Original assignee: Jiangsu University
Current assignee: Jiangsu University
Priority date: 2019-07-16
Filing date: 2019-07-16
Publication date: 2021-11-09
Anticipated expiration: 2039-07-16
Also published as: CN110504472A; AU2020101412A4

Abstract

The invention discloses a direct methanol fuel cell membrane electrode capable of improving the utilization rate of a catalyst and a preparation method thereof, relating to the technical field of fuel cells. The double-microporous-layer structure has a high three-phase reaction interface and an electrochemical reaction area, effectively reduces the substance transmission resistance in the electrode, and powerfully improves the utilization rate of the catalyst, thereby improving the discharge performance of the electrode and prolonging the service life of the battery. Through single cell performance test, compared with the membrane electrode prepared by the traditional method, the membrane electrode prepared by the preparation method provided by the invention is obviously improved in monomer performance.

Description

Direct methanol fuel cell membrane electrode for improving catalyst utilization rate and preparation method thereof

Technical Field

The invention relates to the technical field of fuel cells, in particular to a direct methanol fuel cell membrane electrode capable of improving the utilization rate of a catalyst and a preparation method thereof.

Background

A Direct Methanol Fuel Cell (DMFC) is a power generation device that can continuously and directly convert chemical energy in fuel and oxidant into electric energy, and has attracted wide attention worldwide due to its environmental protection and high efficiency. Methanol fuel cells directly utilize methanol or aqueous methanol as the anode fuel and oxygen or air as the oxidant. The methanol reforming device has the characteristics of wide methanol source, convenience in carrying, storage and supplement, high specific energy of volume and mass, simple structure, no need of external reforming equipment and the like, and has wide application prospect in the aspects of portable power supplies, small-sized civil power supplies, vehicle power supplies and the like.

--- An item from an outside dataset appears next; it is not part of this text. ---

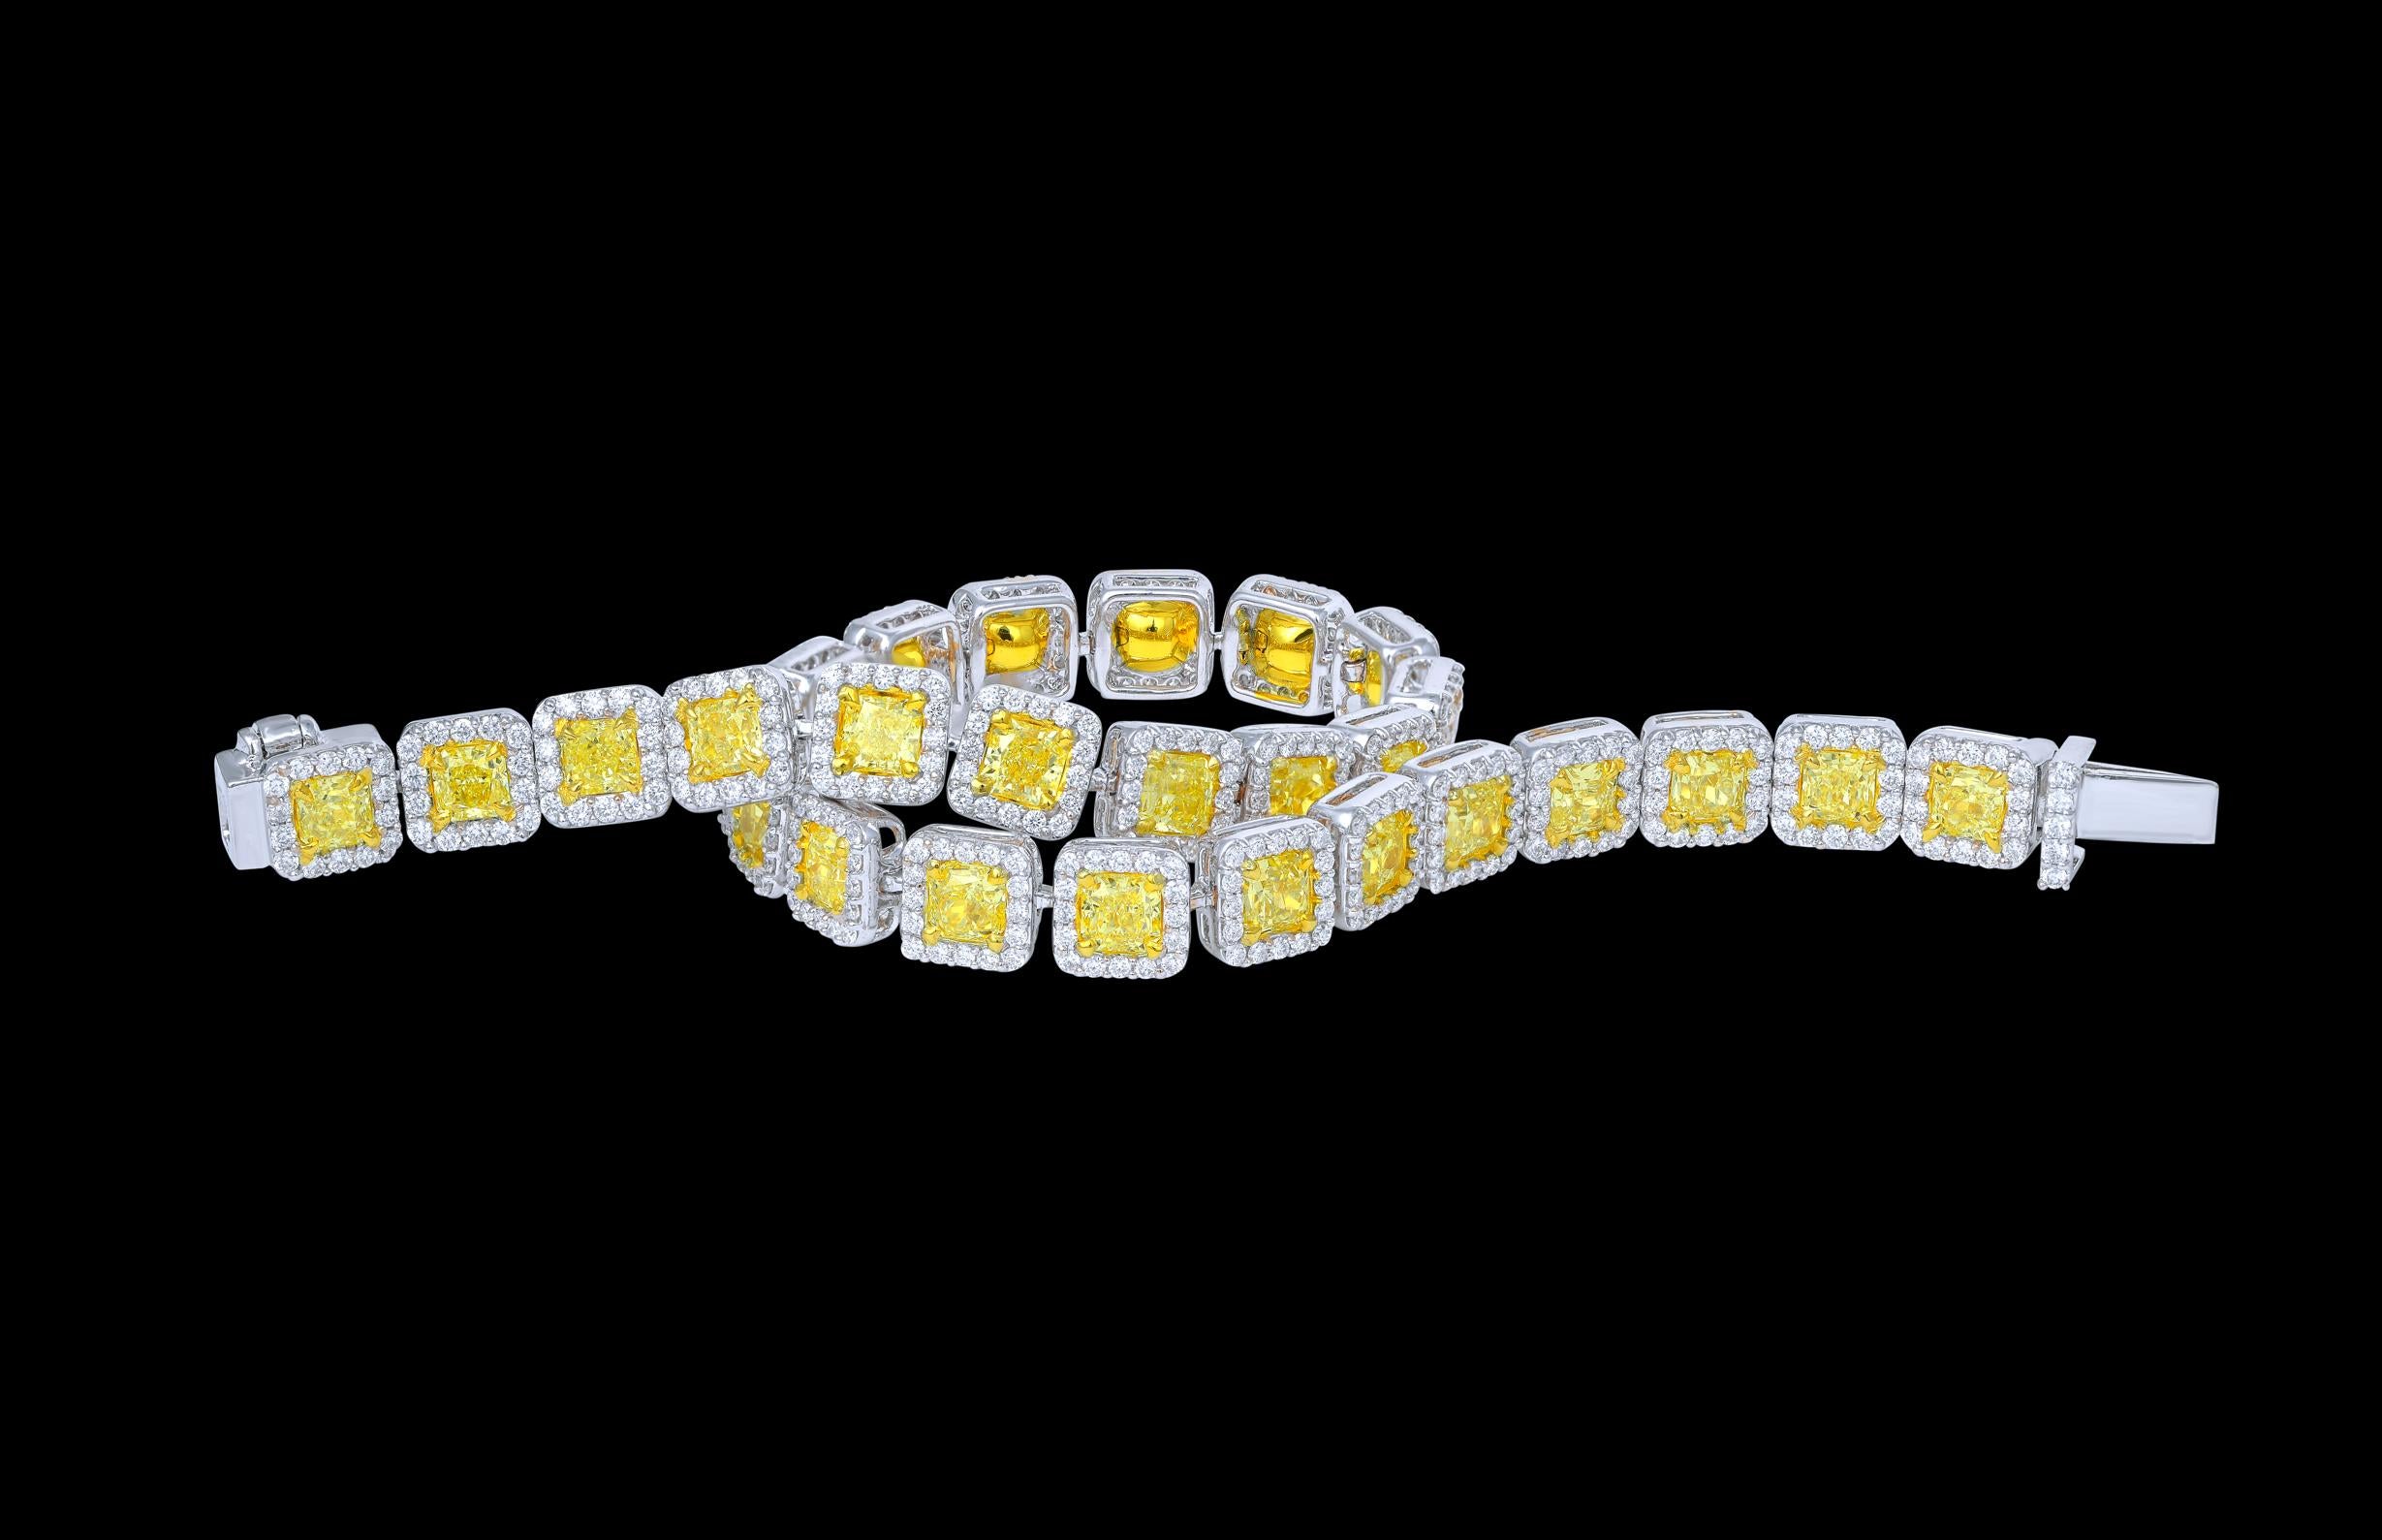 Radiant Cut Contemporary Tennis Yellow Diamond Bracelet with White Halo, 7.58 Carat

The membrane electrode is used as a core component of the direct methanol fuel cell and directly determines the performance of the cell. However, the current DMFC has a problem of low electrocatalytic activity of the methanol anode. The methanol oxidation mechanism is very complicated, unstable and insoluble intermediate products are generated in the process, and some intermediate products can be adsorbed on the surface of the catalyst, so that the activity of the catalyst is inhibited, and the catalyst is poisoned and the utilization rate of the catalyst is low. Therefore, research on optimizing the membrane electrode structure, improving the catalyst utilization rate and the electrochemical reaction area, and the like are hot spots of DMFC research.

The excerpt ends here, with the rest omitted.